Personal information
- Born: May 19, 1977 (age 49) Burlington, Ontario, Canada
- Education: University of Toronto (BA)

Sport
- Sport: Swimming

Medal record
Representing Canada
Women's synchronized swimming
Olympic Games
| Bronze medal – third place | 2000 Sydney | Team |
Pan American Games
| Gold medal – first place | 1999 Winnipeg | Duet |
| Gold medal – first place | 1999 Winnipeg | Team |
Commonwealth Games
| Gold medal – first place | 2002 Manchester | Solo |
| Gold medal – first place | 2002 Manchester | Duet |

= Claire Carver-Dias =

Canadian synchronized swimmer

Claire Rhiannon Carver-Dias (born May 19, 1977) is a Canadian competitor in synchronized swimming and Olympic medallist.

==Career==
She grew up in Montreal, Quebec, but moved to Toronto in her late teens to pursue a career on the Canadian National Synchronized Swim Team.

From 1994 to 1996 Carver-Dias competed in the duet event and won several national titles with duet partner Estella Warren, who went on to become an international model and movie-star.

Carver-Dias won the gold medal at the 1999 Pan American Games in the Women's Duet alongside Fanny Létourneau, and a gold medal in the team event as well.

She participated on the Canadian team that received a bronze medal in synchronized team at the 2000 Summer Olympics in Sydney, Australia, and placed fifth in the duet event.

During this time she attended the Mississauga campus of the University of Toronto and graduated with a Bachelor of Arts in English in 2002. At the 2002 Commonwealth Games, Carver-Dias earned two gold medals, one in the solo event and one in the duet event.
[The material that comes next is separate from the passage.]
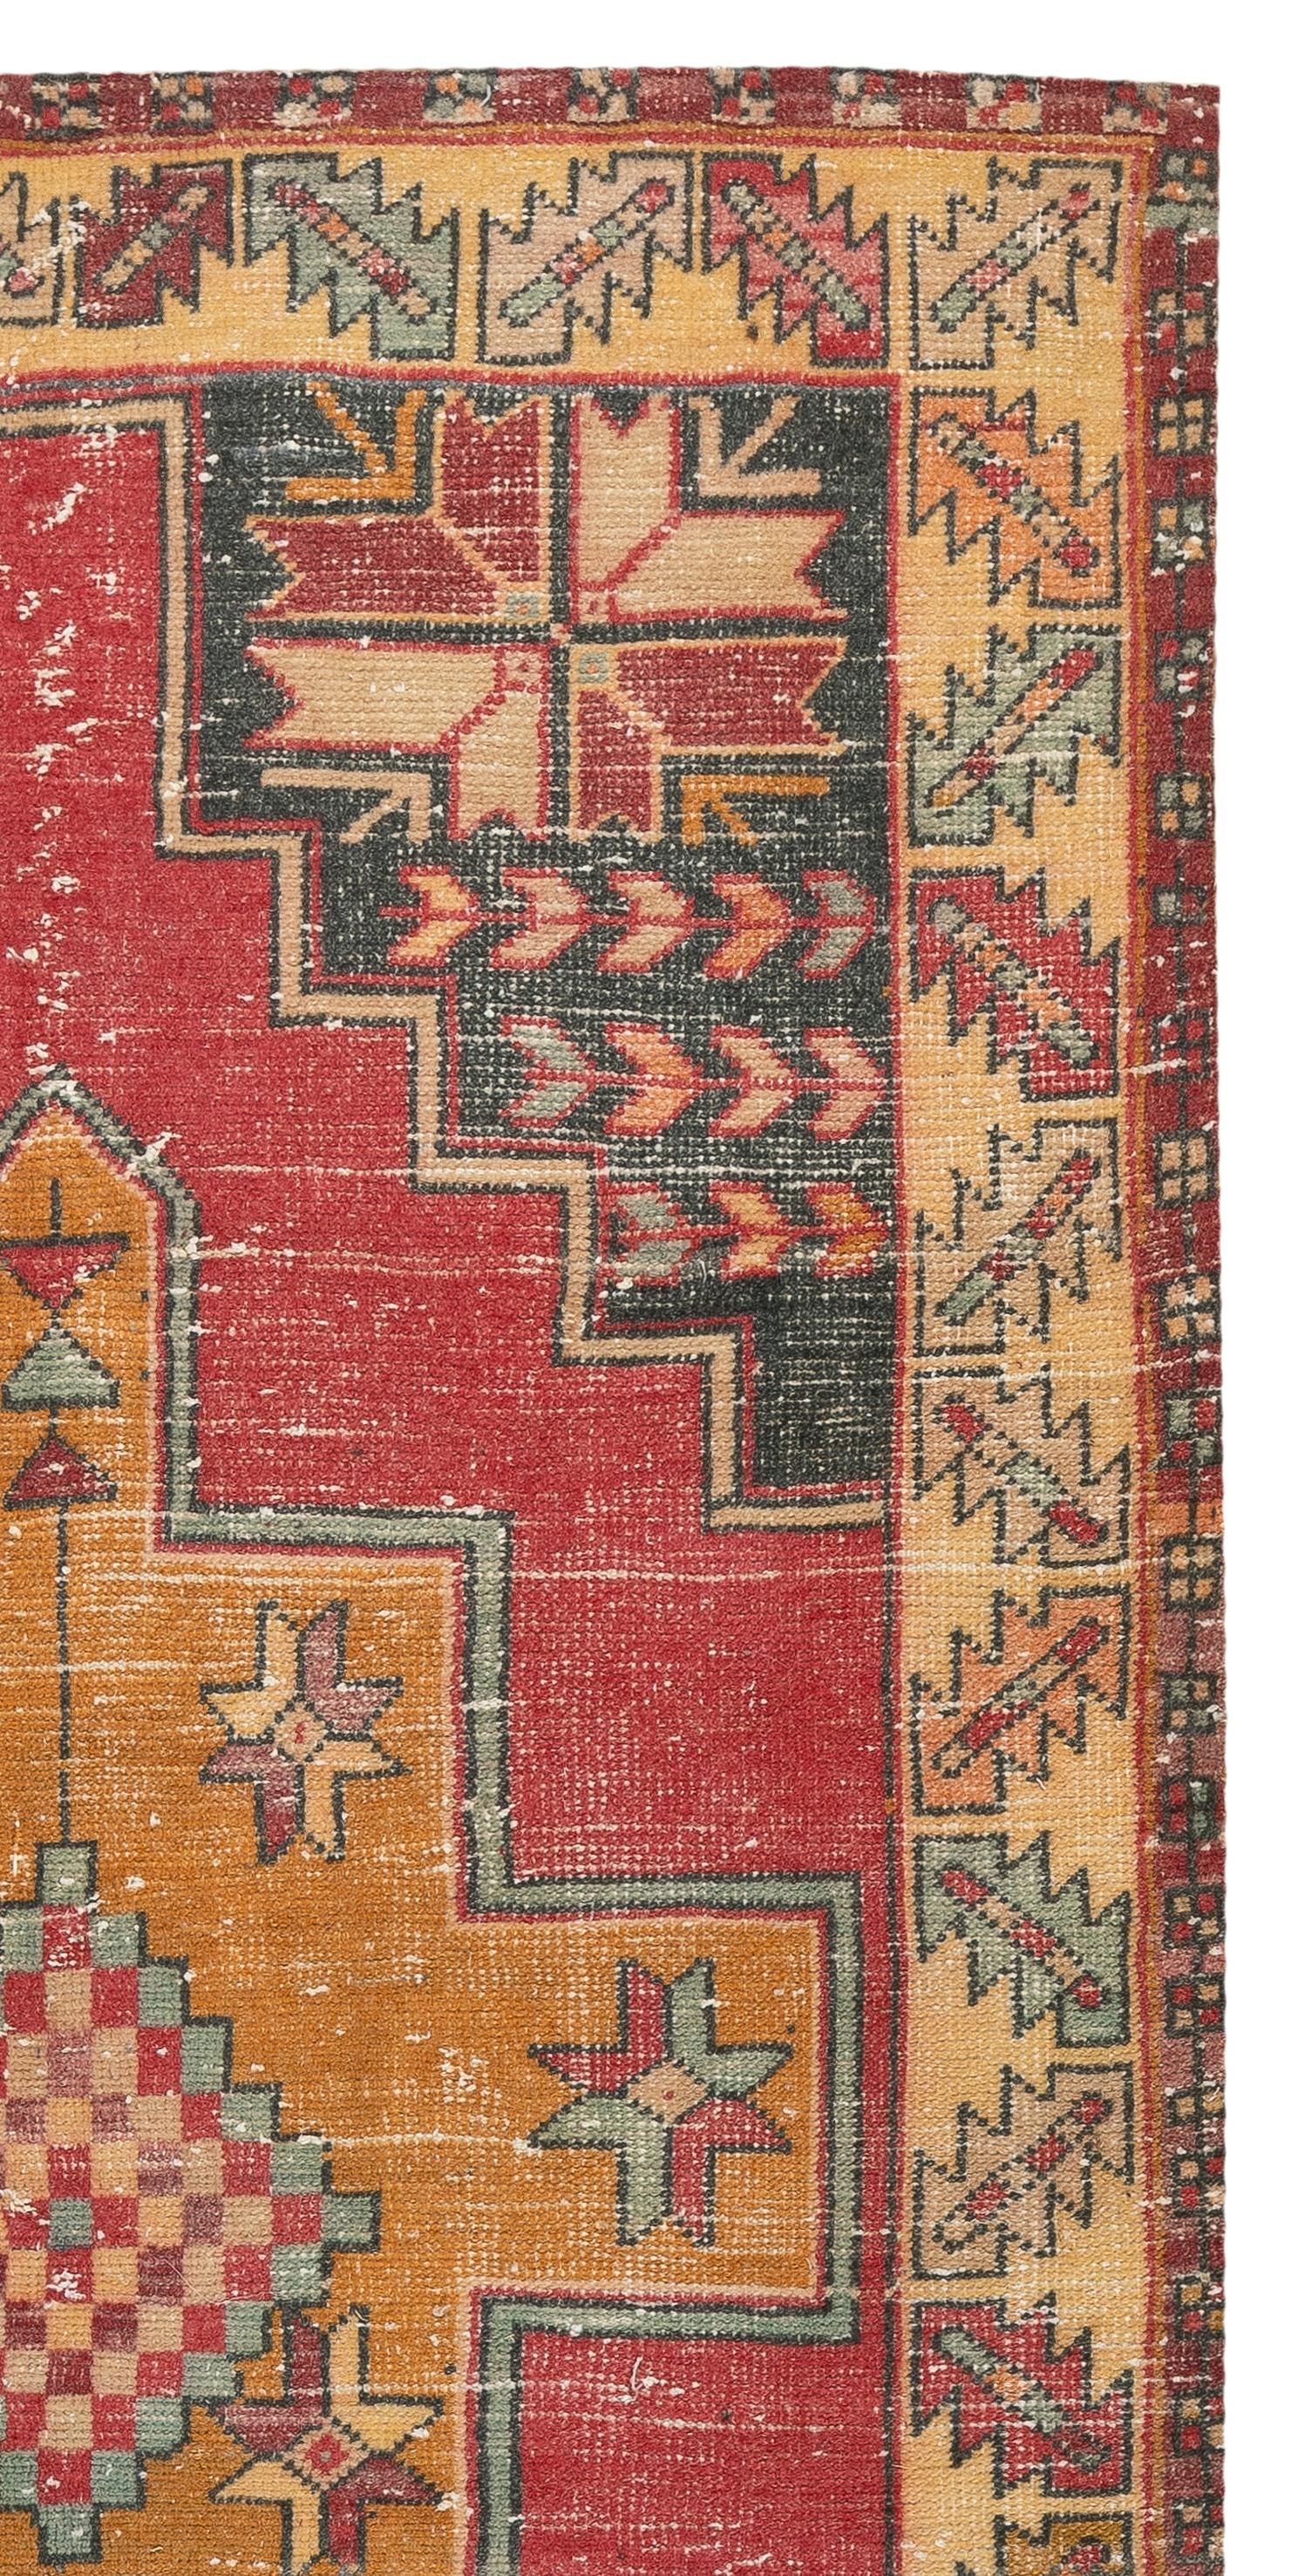 A vintage village rug from Turkey. It features multiple medallions against in saturated gold with light blue borders against a red field and large corner pieces and a main border featuring geometric star and leaf motifs. Finely hand-knotted with

She was the President of AthletesCAN from 2006 to 2008 and was elected to the board of Commonwealth Games Canada in 2014. She completed a master's degree at McGill University and currently works as a management consultant (www.clearday.ca). She also holds a PhD from the University of Wales, an MBA from Cornell and Queen's Universities, and has written a novel called "The Games," which earned her a Mississauga Literary Arts Award in 2013.

She is in the Mississauga Sports Hall of Fame, the Canada Games Hall of Honour, and the Synchro Quebec Hall of Fame; and hosted podcasts called "The Water Cooler Effect", and "Bright Lights, Big Sauga," which are available on iTunes.

In 2018, she led Team Canada as the chef de mission of Canada's 2018 Commonwealth Games team, where the team tied their best ever medal haul. She served as Co-Chef de Mission for Team Canada at the 2022 Commonwealth Games, alongside Sam Effah, a track star who was also runner up in the Amazing Race Canada.

Carver-Dias is the current President of Commonwealth Sport Canada. She also serves as Chair of OLY Canada, Canada's Olympian association.